VB: Advocacy can make a difference in every single community, every single country, and in every single region.

As a result of advocacy efforts, ensuring a robust, fit-for-purpose health workforce is enshrined as a target in the Sustainable Development Goals, the first-ever Global Strategy on Human Resources for Health: Workforce 2030, and the five-year action plan of the UN Secretary-General’s High-Level Commission on Health Employment and Economic Growth (HEEG Commission).

These advocacy wins will only result in sustainable change if advocates around the world push from the community to global levels of effective implementation of goals and strategies to achieve these ambitious yet achievable targets for the health workforce.

Frontline health workers themselves are the most powerful advocates for effective implementation, as their direct experience sheds the greatest light on the need for greater and more effective investment in their work.

ZL: What are the major “moments” on your radar where you’re hoping to see progress—announcements, commitments, data indicating some success in closing the gap—in human resources for health?

VB: The forthcoming Fourth Global Forum on Human Resources for Health in Dublin, Ireland, this November will be a seminal moment for health workforce experts around the world to come together to assess the state of the global health workforce and initial progress and planning on some of the goals and compacts I mentioned earlier. We are hoping the five-year action plan of the HEEG Commission I mentioned earlier will result in firm commitments by both government and nongovernment stakeholders for financing country-led plans to address the most acute issues facing their health workforce.

As FHWC has underscored in a policy analysis, we are also hoping that collection of data for all health worker cadres—including community health workers—is urgently prioritized, especially in forthcoming WHO guidelines on community health workers.

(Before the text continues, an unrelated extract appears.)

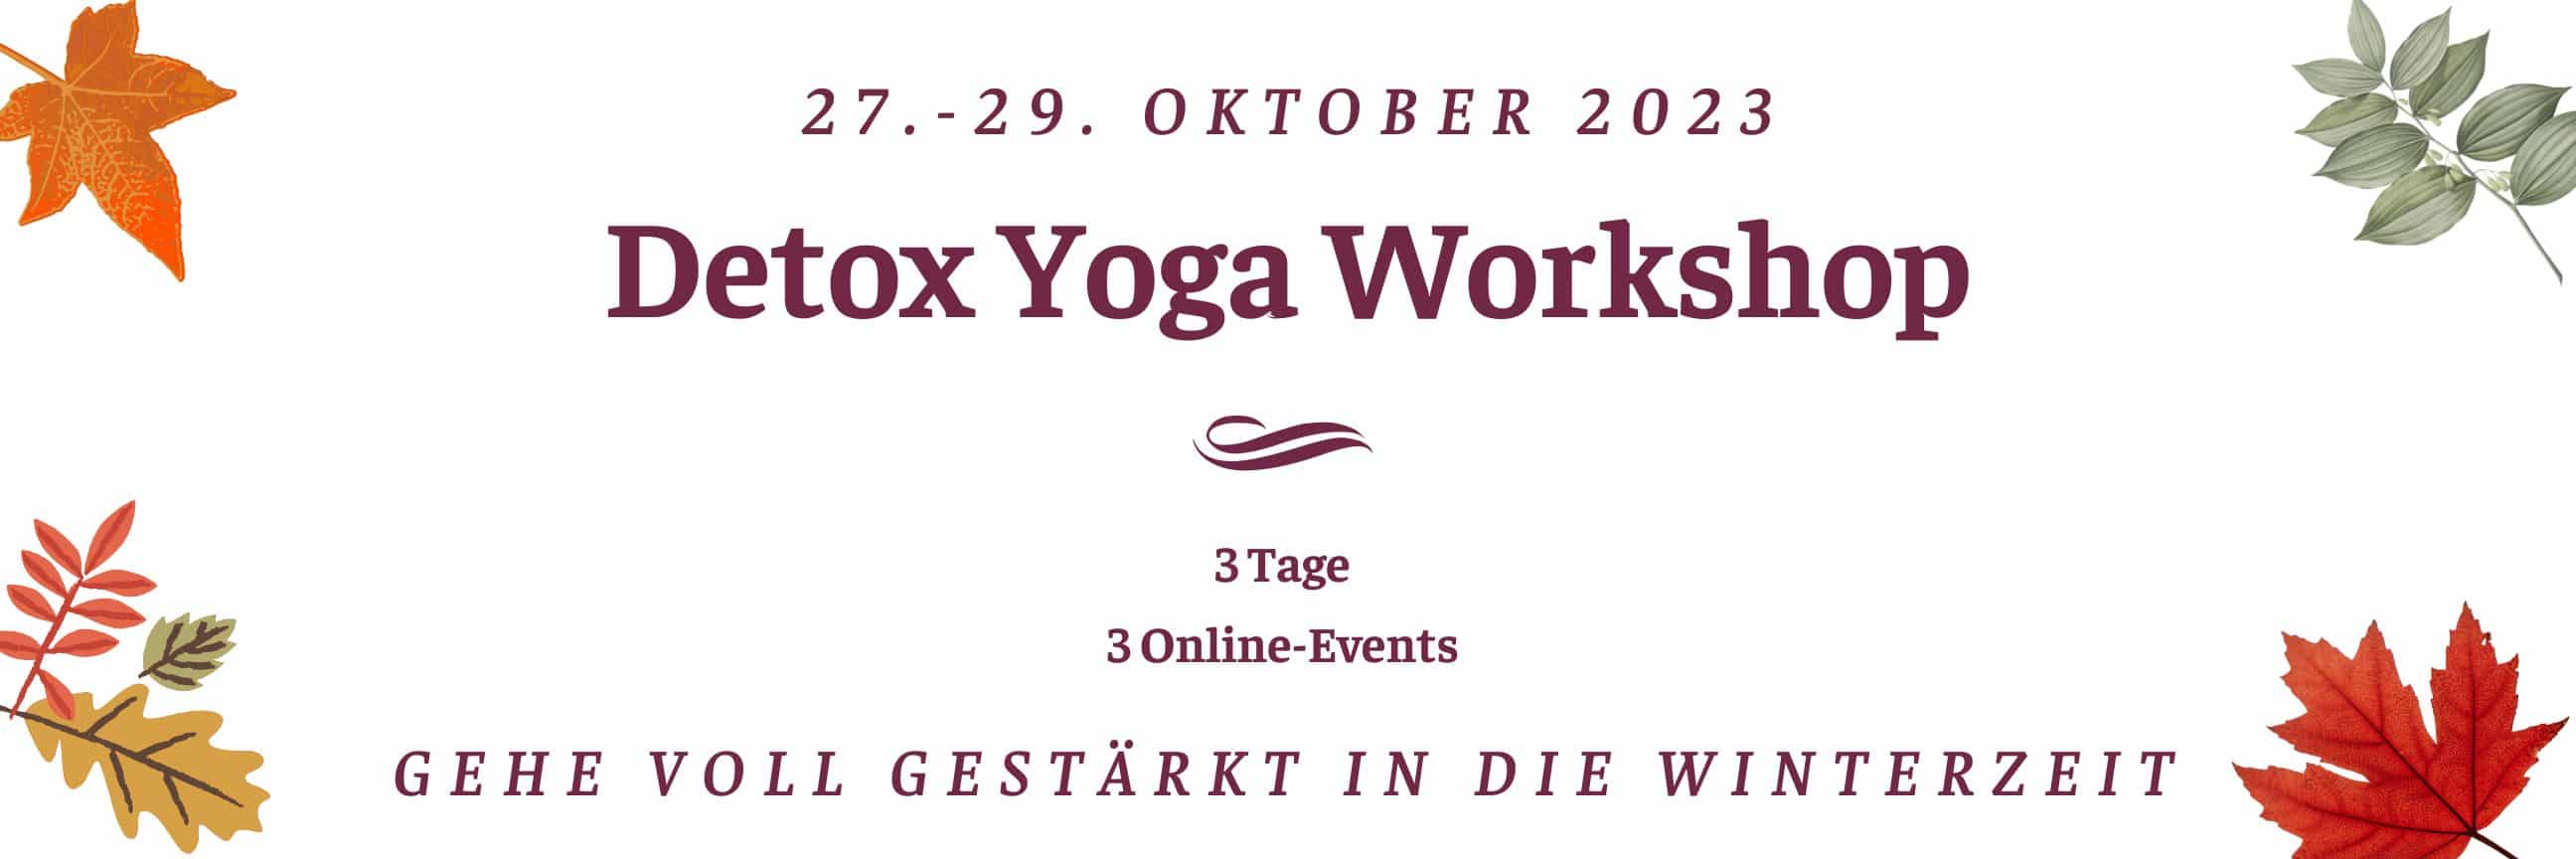 Workshop zum Detox Yoga am 27.-29. Oktober 2023

Frontline health workers are their own most powerful advocates.

ZL: Where have efforts to bolster the health workforce failed so far, and what can we do differently in the SDGs framework than we did in the MDGs framework to improve outcomes in strengthening health workers?

VB: Ensuring a fit-for-purpose and sustainable health workforce is a complex issue involving education, poverty, labor, mobility, access to proper supplies, etc.

The financing and jurisdiction over health workers is equally, if not more, complex. This complexity has at times left health workers as something of an afterthought even though policy-makers and influencers have often agreed about the urgent need for action to strengthen the global health workforce.

The SDGs and compacts unanimously agreed at the World Health Assembly to provide a strong, country-led framework that made strengthening the health workforce a central component of achieving progress across all health issues. This provides some momentum and optimism that health workers will no longer be seen as a global health policy afterthought, but rather as the center of sustainable progress on health in the coming decades.